Ortiz’s primary argument is that the district court’s decision violated the maxim that a jury
is “entitled to believe some parts and disbelieve other parts of the testimony of any given witness.”
Appellant Br. 37 (quoting Tolbert v. Queens College, 242 F.3d 58, 74 (2d Cir. 2001)). Ortiz
contends that the jury’s split verdict, rather than suggesting that the jury entirely rejected Ortiz’s
testimony, merely meant that it believed some parts of his testimony and disbelieved others (and
similarly, that it believed some parts of the officers’ testimony and disbelieved others).
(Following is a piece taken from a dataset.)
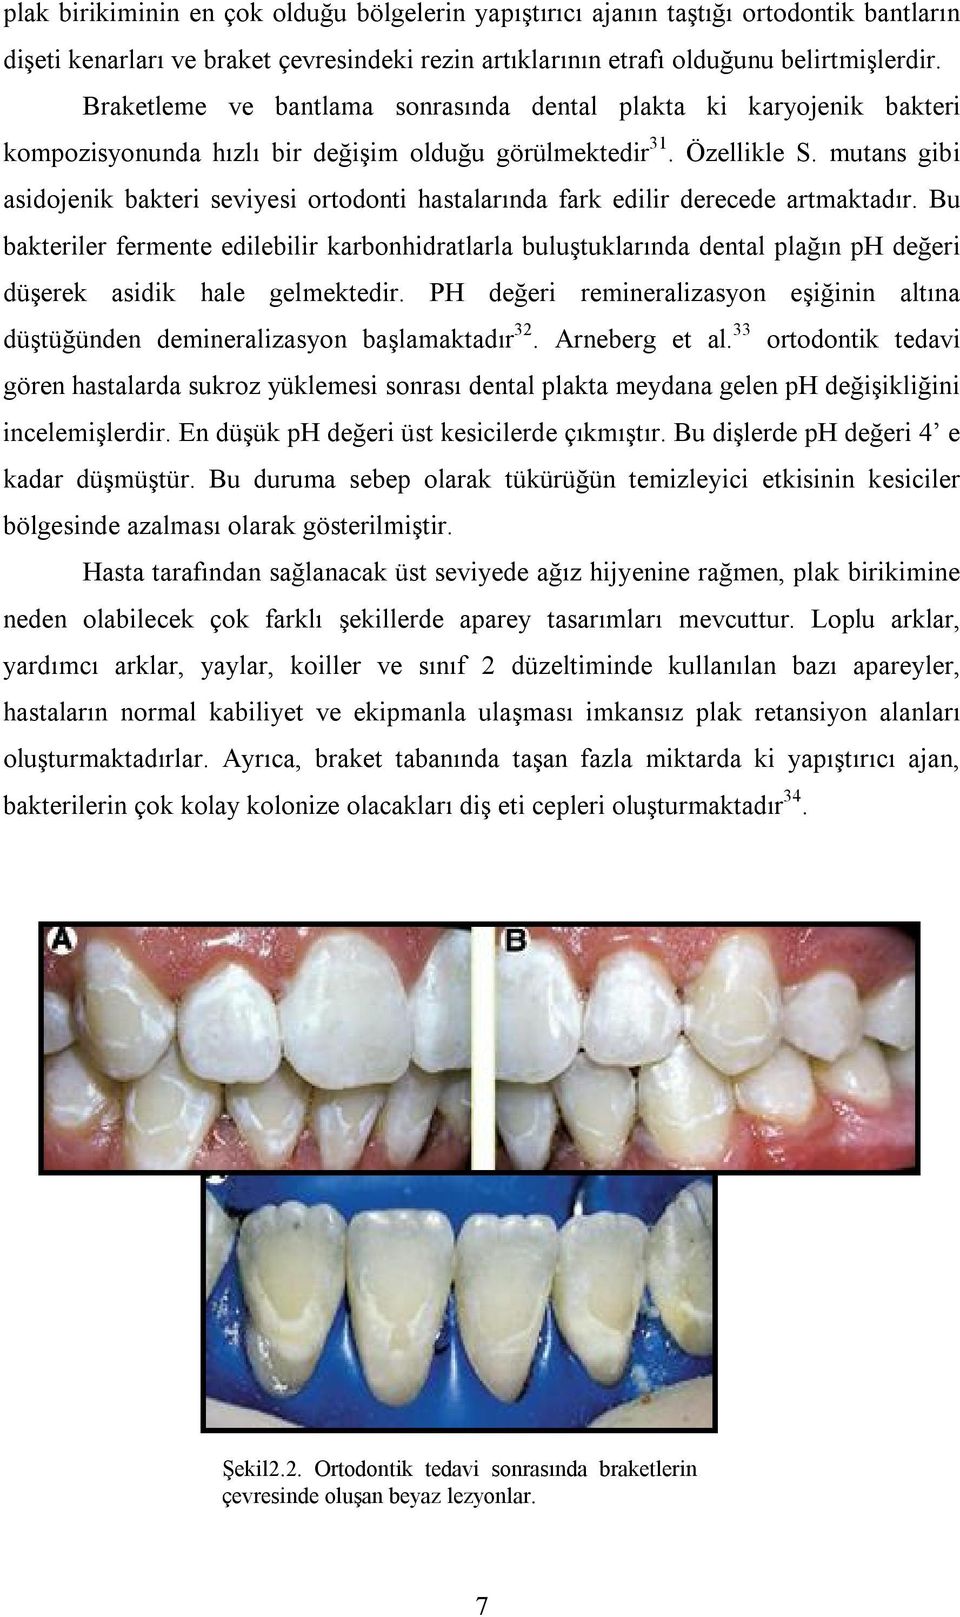 mutans gibi asidojenik bakteri seviyesi ortodonti hastalarında fark edilir derecede artmaktadır.

We agree with Ortiz. The Rule 50(b) standard is a stern one, and under that strict standard
we cannot say that there was a “complete absence of evidence supporting the verdict” here. Diesel,
232 F.3d at 103 (emphasis added). It is true that, based on its answer to the supplemental question,
the jury does seem to have accepted the officers’ account of how, why, and when they handcuffed
Ortiz. However, the district court went too far in determining that the jury’s answer to that
5
question—and the jury’s finding that no unlawful arrest had taken place—necessarily meant that
the jury had rejected all of Ortiz’s testimony relating to excessive force. The jury may well have
disbelieved Ortiz’s testimony that Officer Vazquez attacked Ortiz from behind and drove him to
the ground with a kick, or thought that Ortiz was exaggerating in his description of the altercation;
nonetheless, the jury may still have credited Ortiz’s testimony that Officer Vazquez kicked him at
some point during the encounter. The jury was entitled to credit some portions of Ortiz’s testimony
while disbelieving other portions. The jury could have reasonably regarded the medical evidence
Ortiz presented as corroborating his testimony that he was violently kicked—in contrast to his
uncorroborated and somewhat implausible account of the genesis of the encounter. As a result, the
district court erred in directing judgment for Officer Vazquez on the excessive force claim, because
a “reasonable jury” may have had a “legally sufficient evidentiary basis to find for [Ortiz] on that
issue.” Cash v. Cty. of Erie, 654 F.3d 324, 333 (2d Cir. 2011) (citation omitted).
* * *
For these reasons, we REVERSE the judgment of the district court and REMAND with
instructions to reinstate the jury’s verdict as to the excessive force claim against Vazquez.